I always make reservations directly with the restaurant, either by calling them or emailing them directly. I'm sure your hotel could do it too, but there's no need to have them do something you could do yourself.

In terms of how to pick a restaurant, choose your "high-end" place first. I'm assuming you mean really high-end, like the Michelin three-star places. Make sure you want to spend that much on a meal - not everyone thinks it's worth it. I've been to a couple, and enjoyed the experience, but don't know that I need to do it again (and I AM a real foodie). If you want a very special, grand experience, many restaurants with "only" one Michelin star (or none!) can still provide a wonderful, special time.

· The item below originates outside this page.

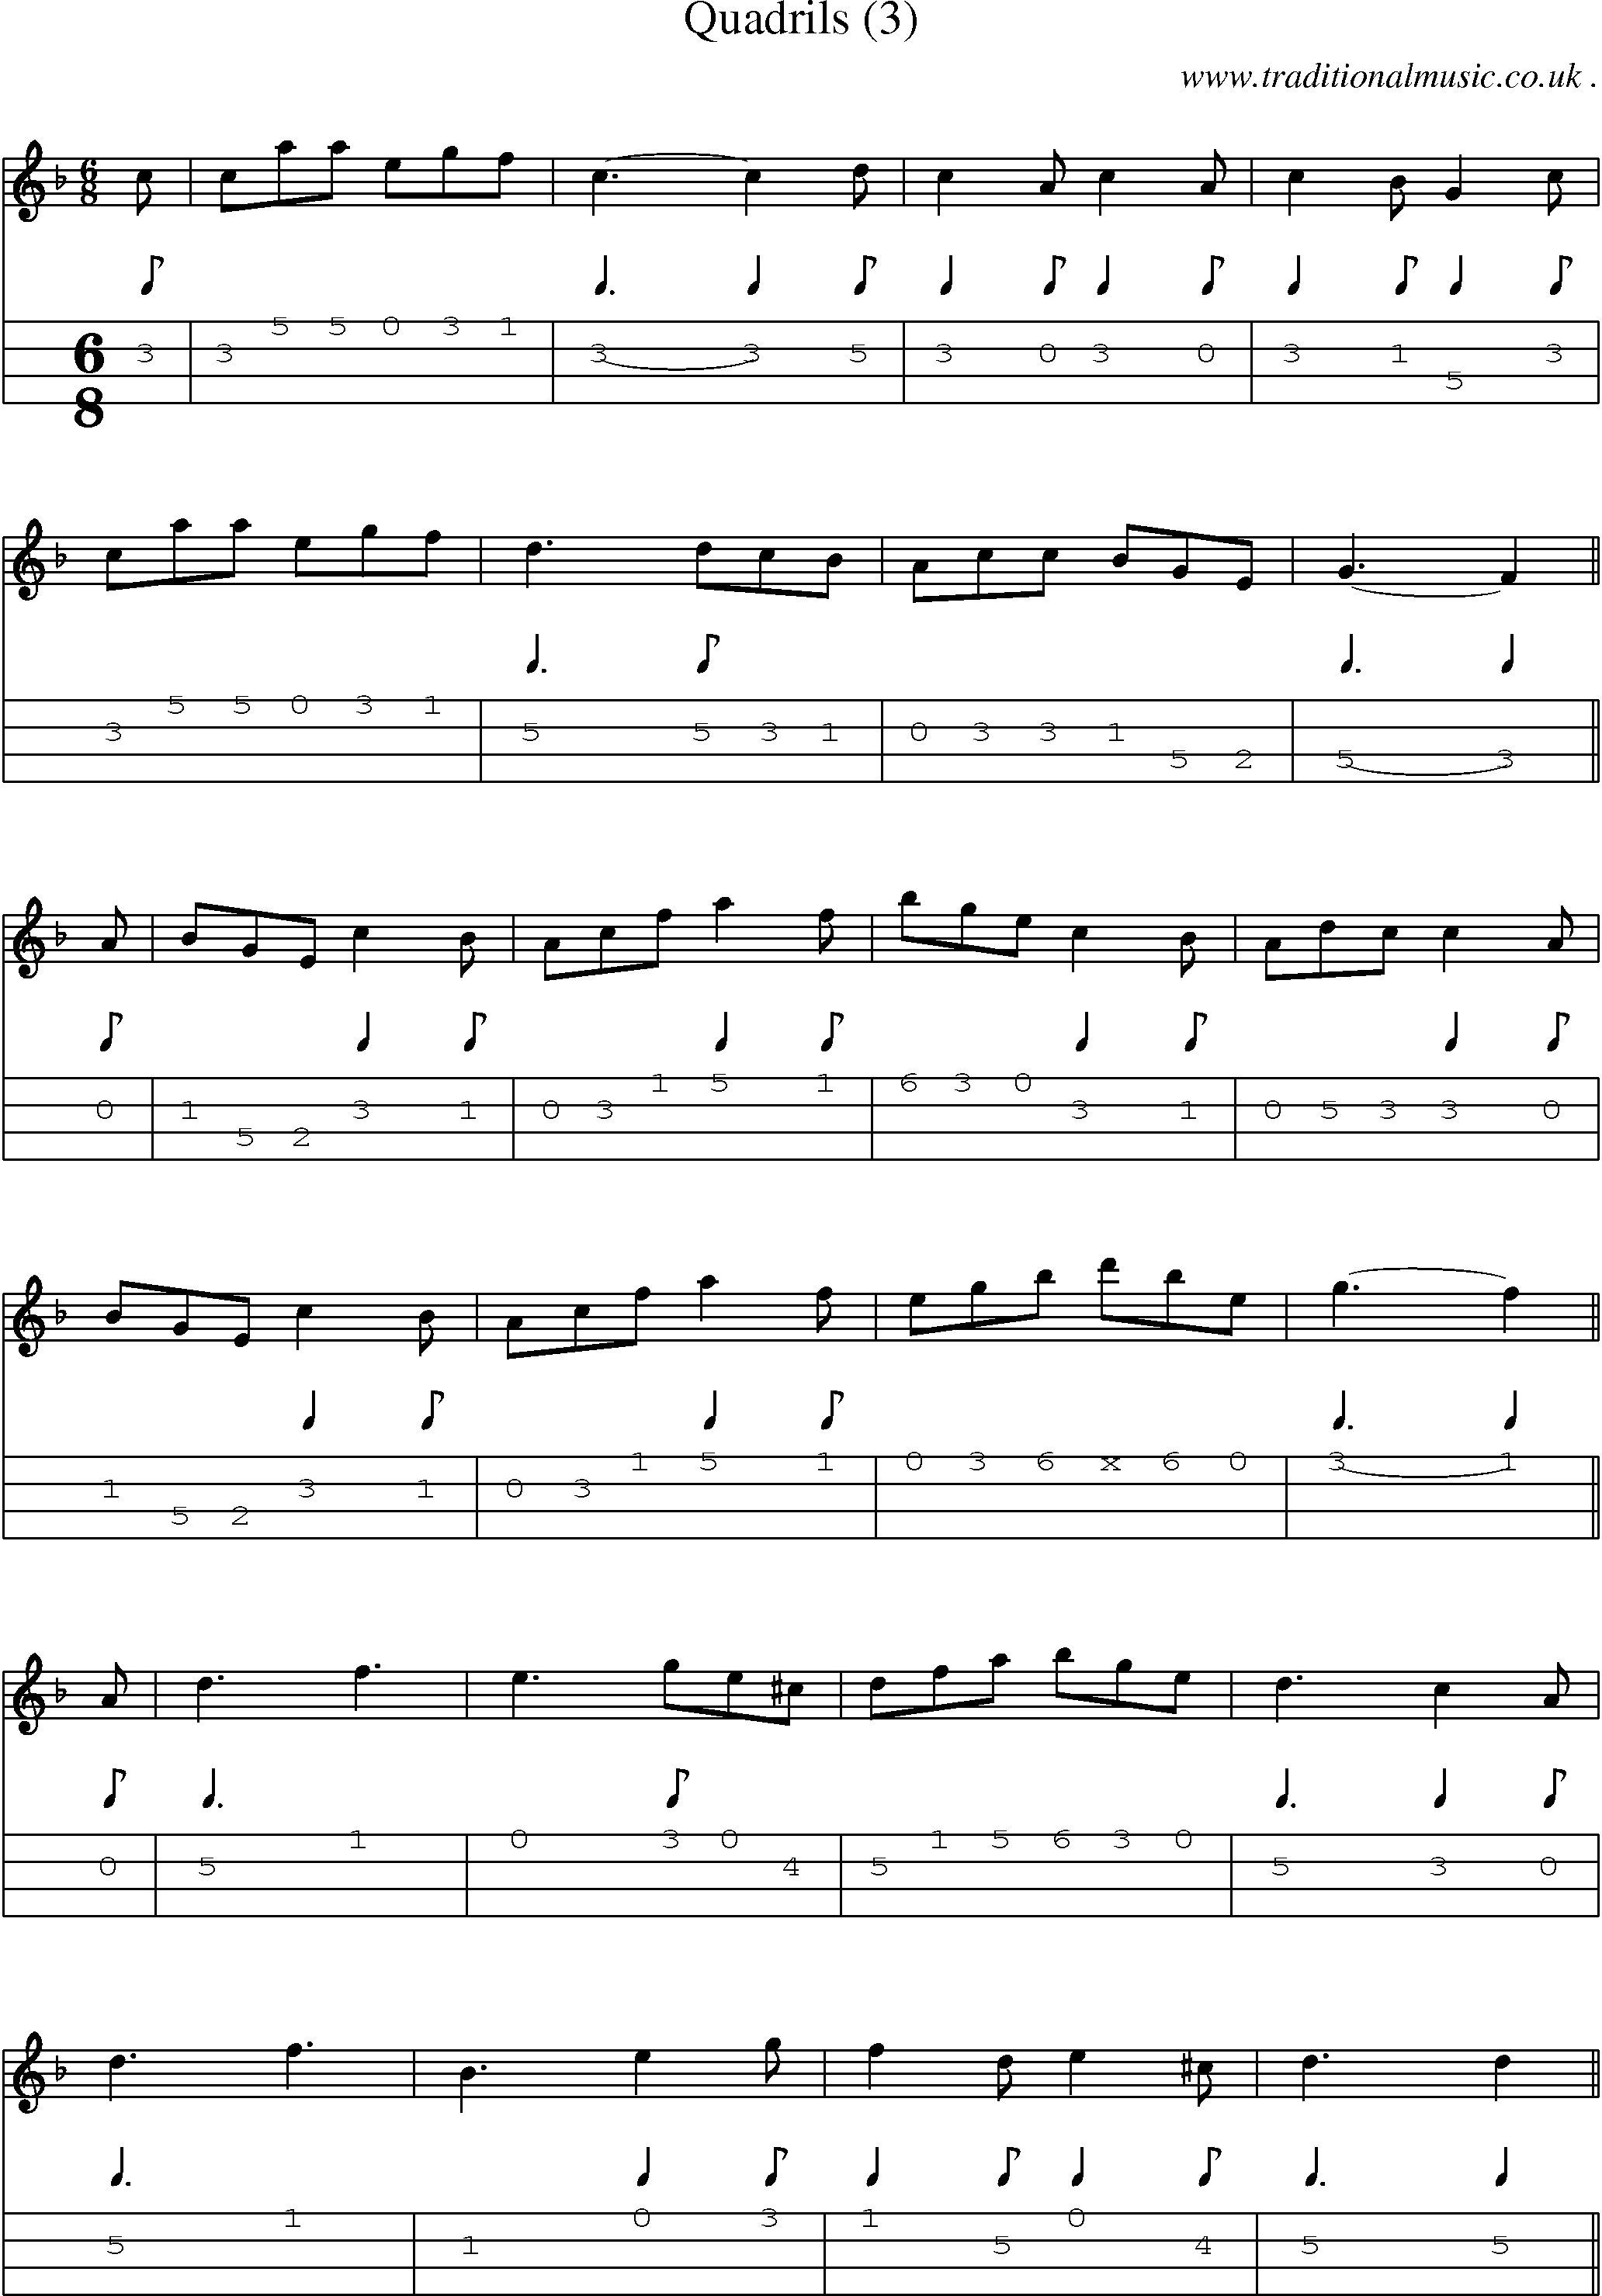 Sheet-Music and Mandolin Tabs for Quadrils (3)

I narrow down restaurants based on location (do I want it close to my hotel, or near a scenic spot, or am I willing to take a cab), the type of food (regional French, bistro, or seafood, etc.), how formal it is (you probably don't want ultra-formal all three nights), and the ambiance and appearance of the restaurant. All of that you can glean from Fodors and other web sites.

Have a great time!
Lexma90 is online now  
Jul 26th, 2004, 09:37 AM
Join Date: Dec 2003
Posts: 705
There are wonderful restaurants in Paris..from bistros to 3 Michelin stars. Once you have decided where/when you want to go, email your list to your hotel and they will be glad to take care of your reservations. Yes, you should make them early..the starred restaurants are a definite must any time of the year.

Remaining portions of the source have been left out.